◆ **Data**:
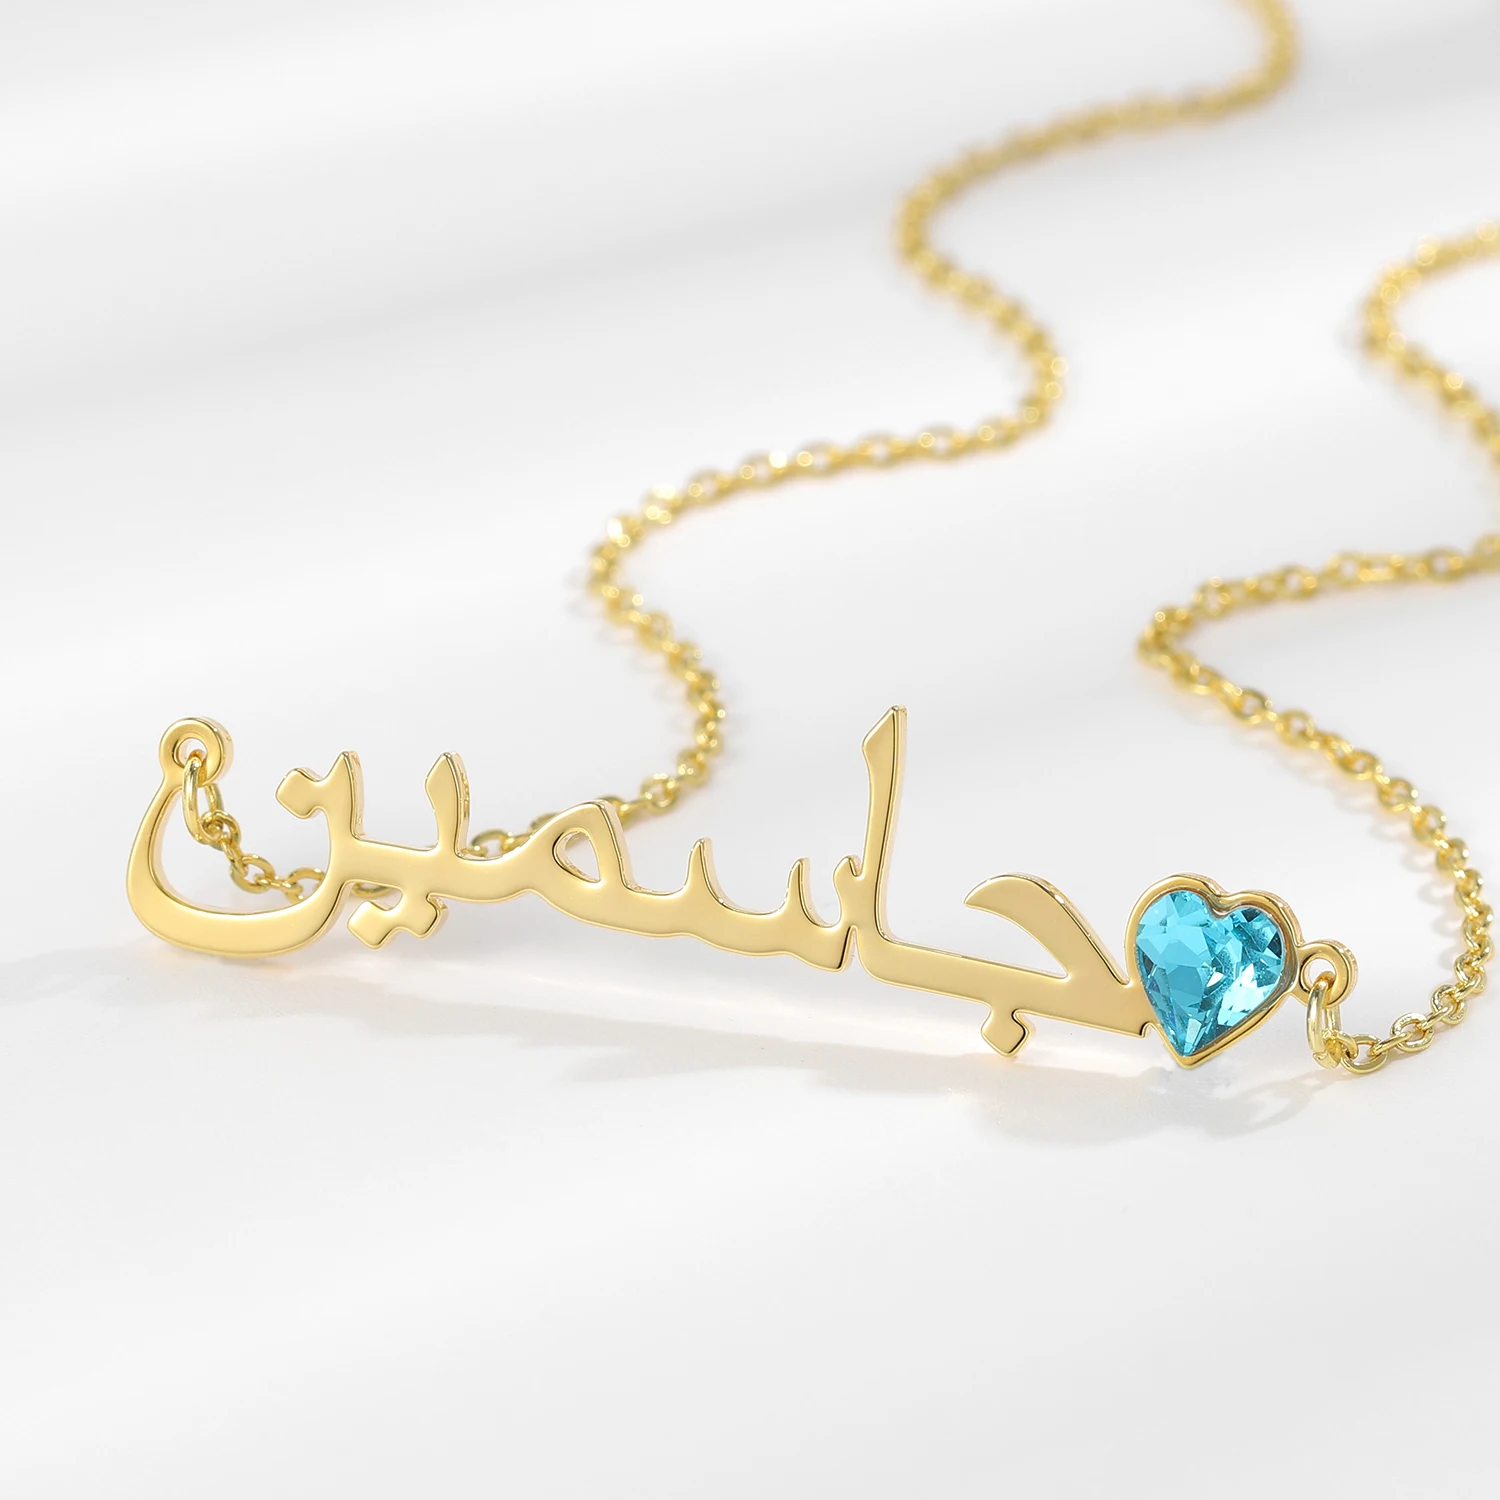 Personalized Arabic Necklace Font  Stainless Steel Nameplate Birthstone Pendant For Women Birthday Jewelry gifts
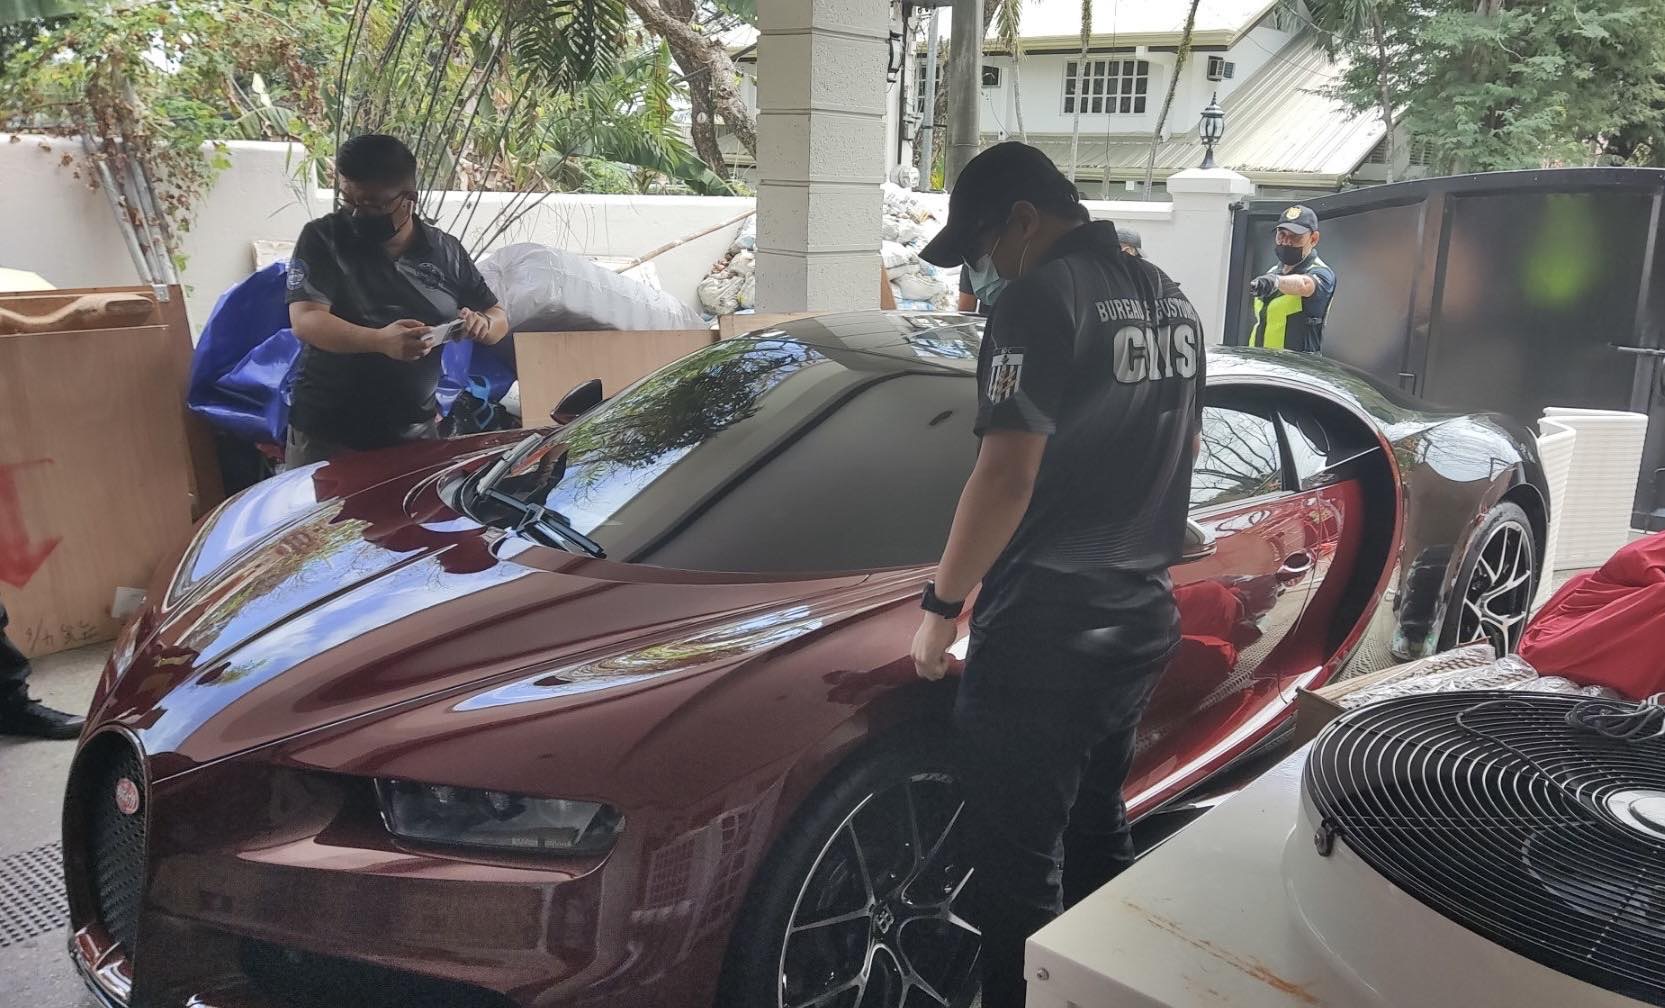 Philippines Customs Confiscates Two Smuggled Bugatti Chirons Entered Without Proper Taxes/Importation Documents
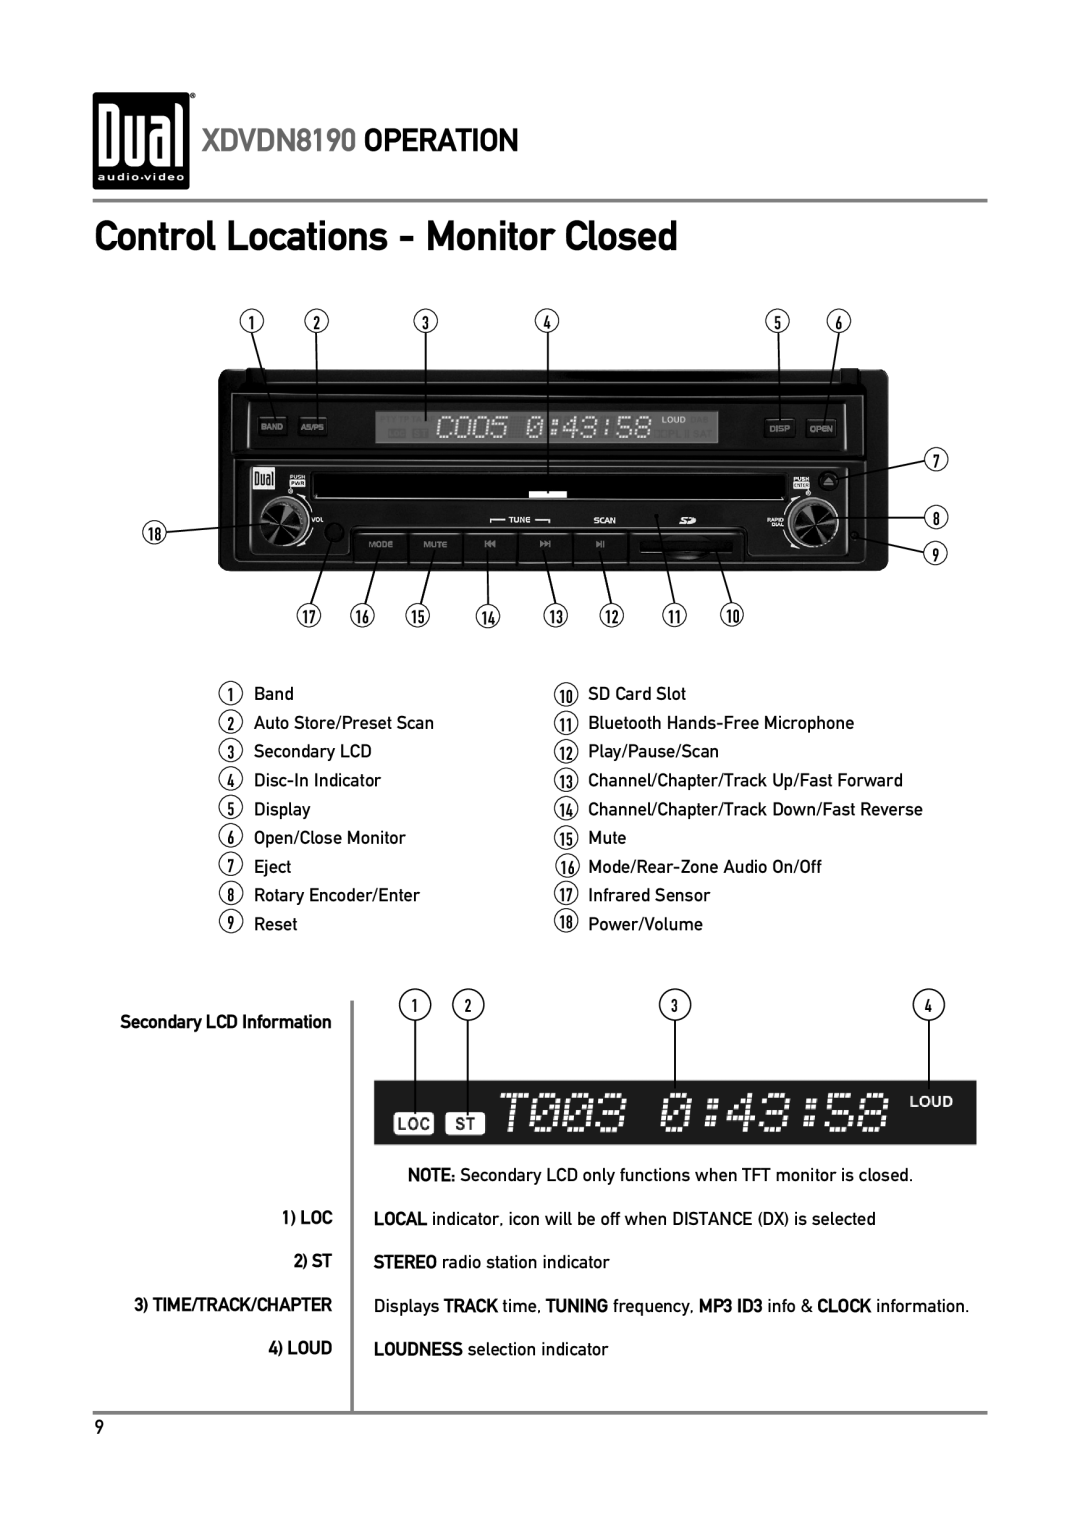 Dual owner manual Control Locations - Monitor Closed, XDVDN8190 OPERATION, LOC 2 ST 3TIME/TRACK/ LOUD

◆ **What to do**: Say again, word for word, every line from the one with "Philippines Customs Confiscates" through the last line of the data above, minus the pictures.

◆ **Reply to the exercise**:
 Philippines Customs Confiscates Two Smuggled Bugatti Chirons Entered Without Proper Taxes/Importation Documents
 Dual owner manual Control Locations - Monitor Closed, XDVDN8190 OPERATION, LOC 2 ST 3TIME/TRACK/ LOUD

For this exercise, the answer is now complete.